Seems tenuous to me, and nearly everybody else, but a large group of his own party are calling on the President to use it to avoid being held hostage on the issue. The obvious question is surely someone would have thought of this before? The 14th amendment passed in 1868 so it’s not like constitutional scholars haven’t had time to think about it. “Authorized by law” might be the sticking point. Congress makes them not El-Presidento; so I give it zero chance of happening, but you never know.
If it does, it will be used continually and the whole debt ceiling drama will go away and the US government will be able to spend whatever it likes. A bit like now really.
For your protection, Canada released new rules for cryptocurrencies earlier this year. The “investor protections” prohibit leveraged trading, futures and also mandate a $30,000 buy limit on non-core cryptocurrencies.
The rules are long, and onerous. Pretty much every meaningful exchange in the country left. Binance, OKX and Paxos have all since closed their doors to Canadian customers. The Paxos announcement mirrored the others.
Something’s up in Canada; the birth rate is way off too. 1.4 is disaster level.
I’m not suggesting that making life hard for cryptocurrency exchanges is related to the birth rate. I am suggesting that letting people get on with their lives in a way of their choosing probably helps it though. I can think of no better confidence indicator for a country than the willingness of its people to have children.
In their infinite wisdom, the ECB commissioned a report on whether leaks from the ECB are valuable or not. They identified 368 such instances, which is a mind boggling number and makes you wonder how many there really are.
Incredibly, leaks from the ECB actually move the market more than official statements. It would seem obvious to me why this is; because official statements have already been leaked and the market moves before the statement comes out. This level of insider trading would make Steven Cohen blush and nowhere in the report do we hear of any action being taken against leakers.
The EU report concludes that it’s all meaningless anyway, delivering this nonsense.
“The analysis also shows that leaks are likely to reflect minority views. They often reverse earlier market trends in short-term rates, i.e. go against the policy line perceived by the public. But looking back after the decision is made, preceding leaks usually did not move market rates closer to the actual policy outcome.”

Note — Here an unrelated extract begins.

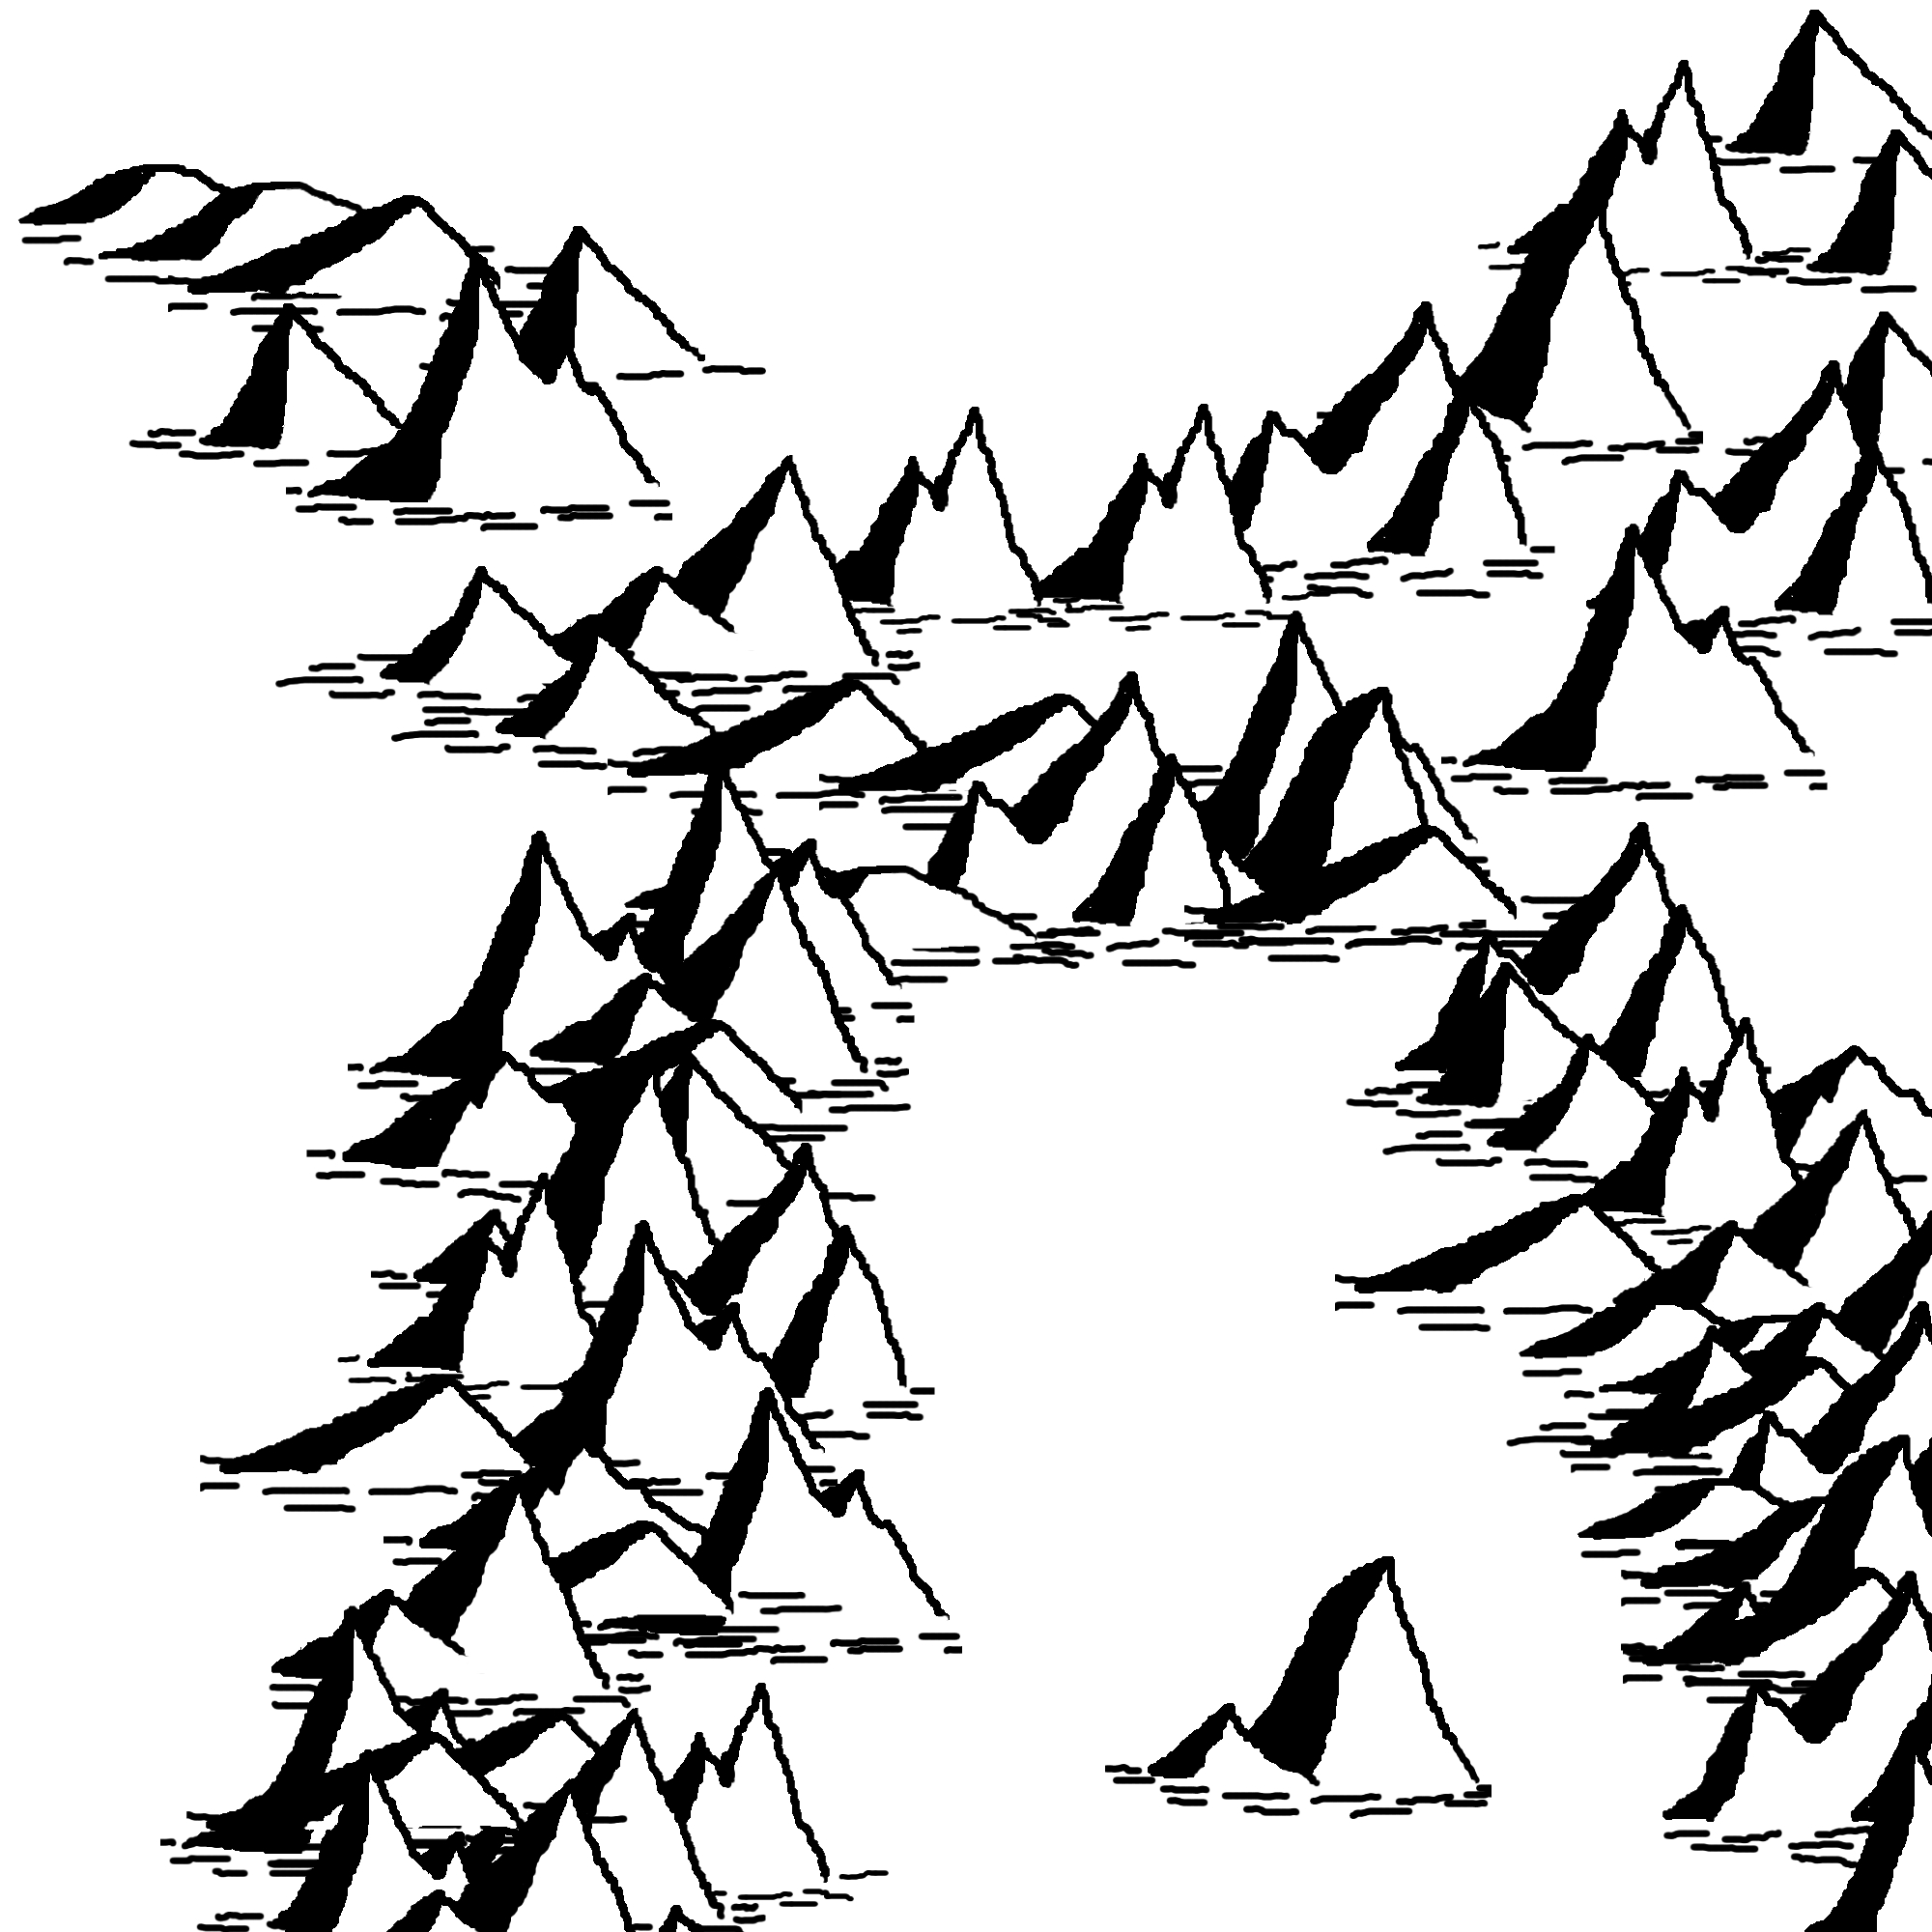 Makin' mountains and makin' trees. | Cartographic Principles in ...
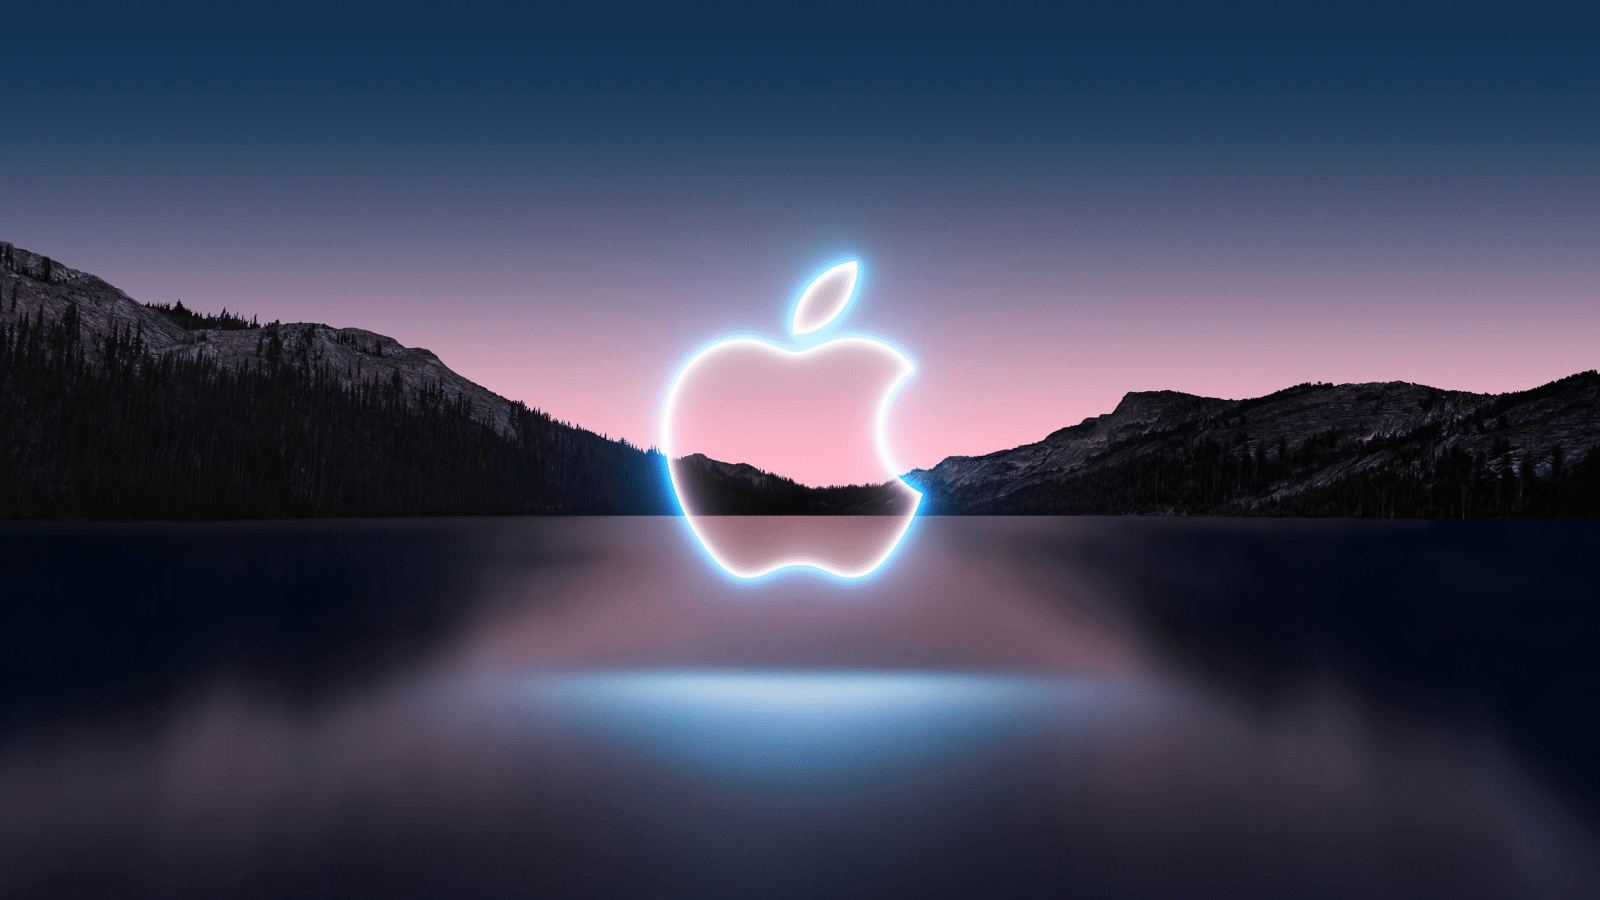 Get California streamin' with these Apple Event themed wallpapers - 9to5Mac

It completely misses the point; if the leak moves the market then the leaker is already positioned. Makes some money, closes the position and heads straight to the Kronenhalle (highly recommended; make sure you book), while the market corrects.
It’s unbelievable that this report hasn’t been taken up more widely. It’s an admission of widespread corruption at the ECB, which is excused on the basis that the leaked information has limited predictive power. Quite how the leadership of the bank lets this slide without taking action is beyond me.